His words – together with those of the live onboard commentary – faded in the buzz of traffic as I turned back to ogle the hotels. I wanted to be inside them, not sitting next to this well-intentioned but ultimately rather dull violinist, listening to him crap on about London’s history. Who really cared about that? What I wanted to know was what was going on in those hotel rooms and bars, and what exactly I was missing out on.

As we halted at the bottom of Park Lane, waiting for a break in the traffic before continuing our tour, I looked at Kyle a bit sheepishly. I hoped he didn’t think I was rude. I was grateful that he was making time to take me in hand like this, whatever his motive. And perhaps I was just being vain and presumptuous, thinking that he was at all interested in me.

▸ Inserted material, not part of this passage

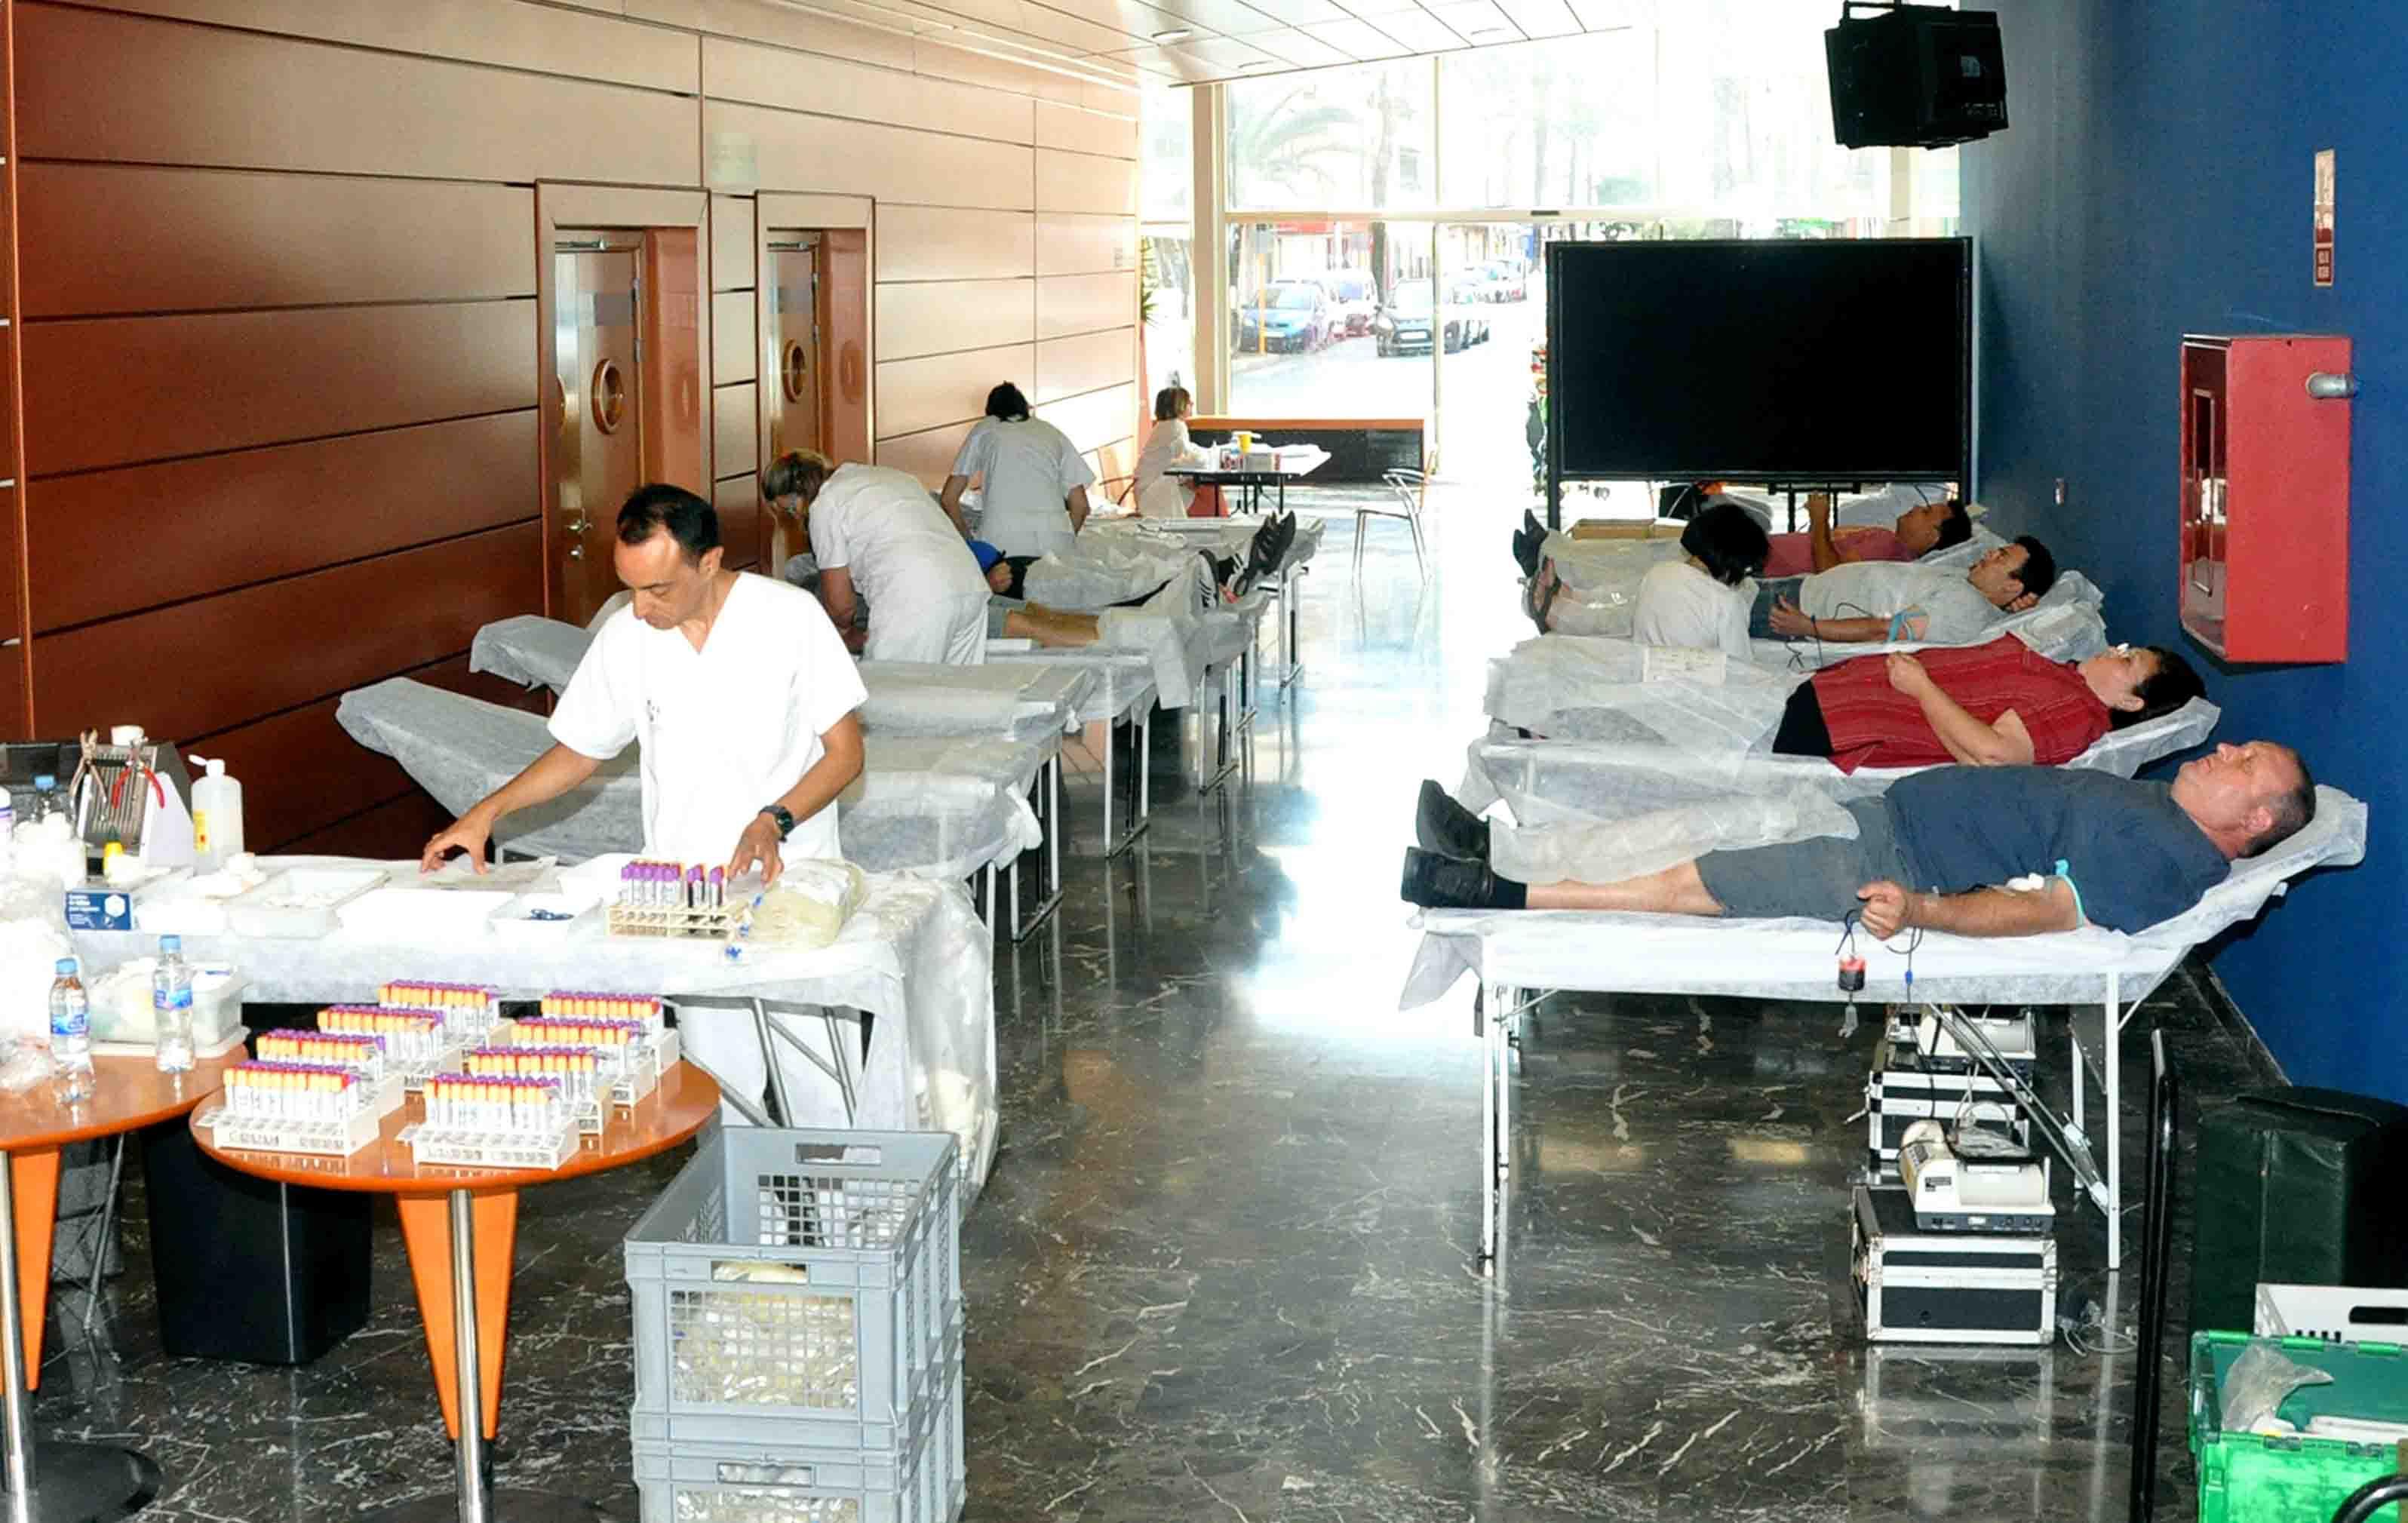 Paiporta celebra mañana la fiesta de la donación de sangre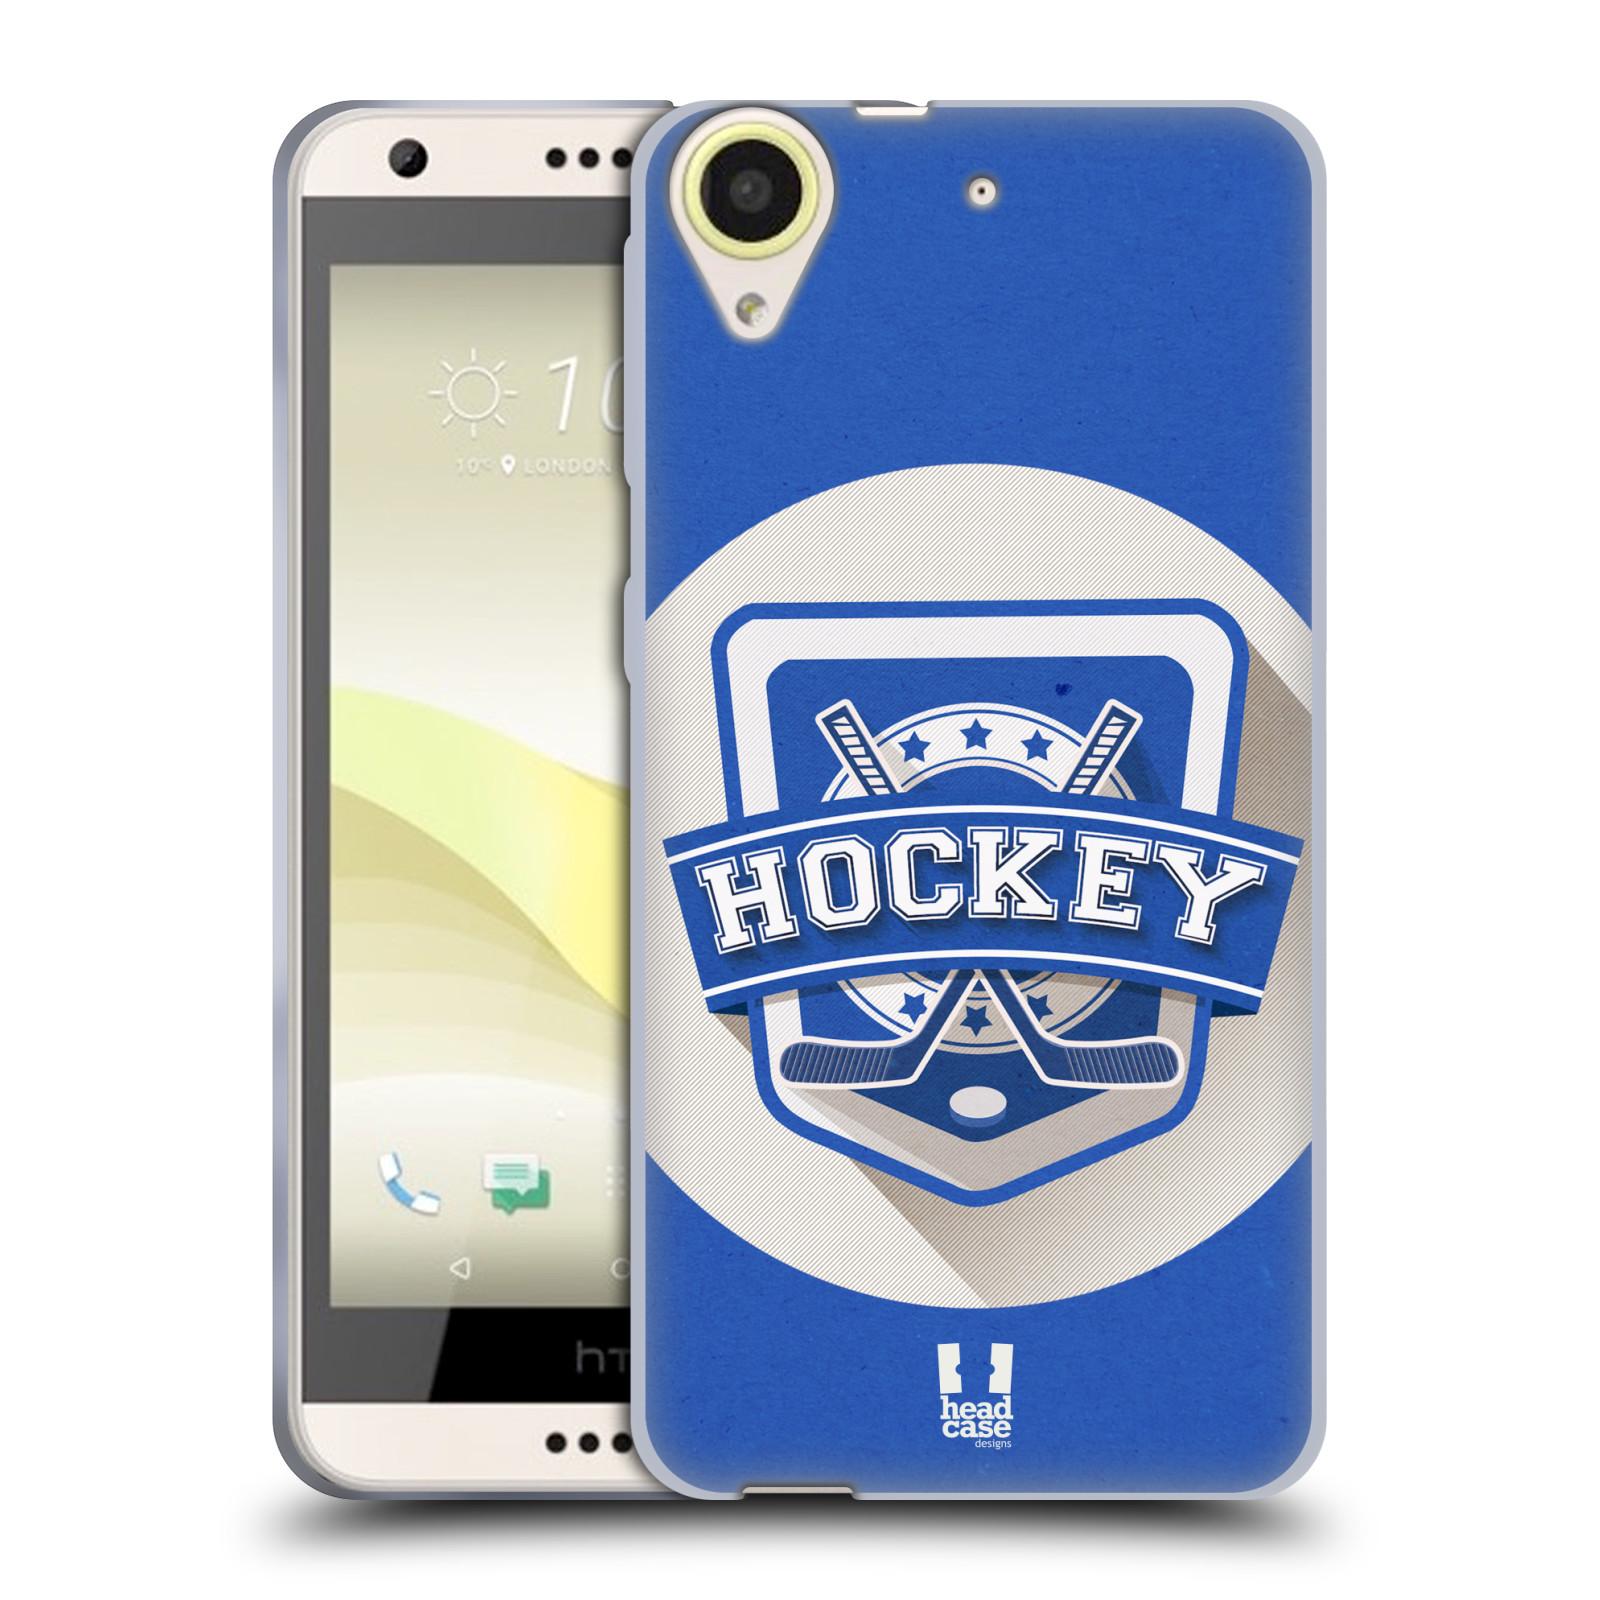 Silikonové pouzdro na mobil HTC Desire 650 HEAD CASE HOKEJ (Silikonový kryt či obal na mobilní telefon HTC Desire 650)

I smiled at him. ‘So,’ I said. ‘Were you and Rachel an item?’

He blinked at me, surprised more, I imagine, by my directness than by the question itself.

‘We were.’ He stared off into the distance, seemingly unwilling to divulge any more. I didn’t push it, but after a few minutes he spoke again.

‘We were together for a few years,’ he said. ‘I did think it would be for good. But then suddenly it was over – pffff’ – he mimicked the action of someone extinguishing a candle with both hands – ‘and she didn’t want to know any more.’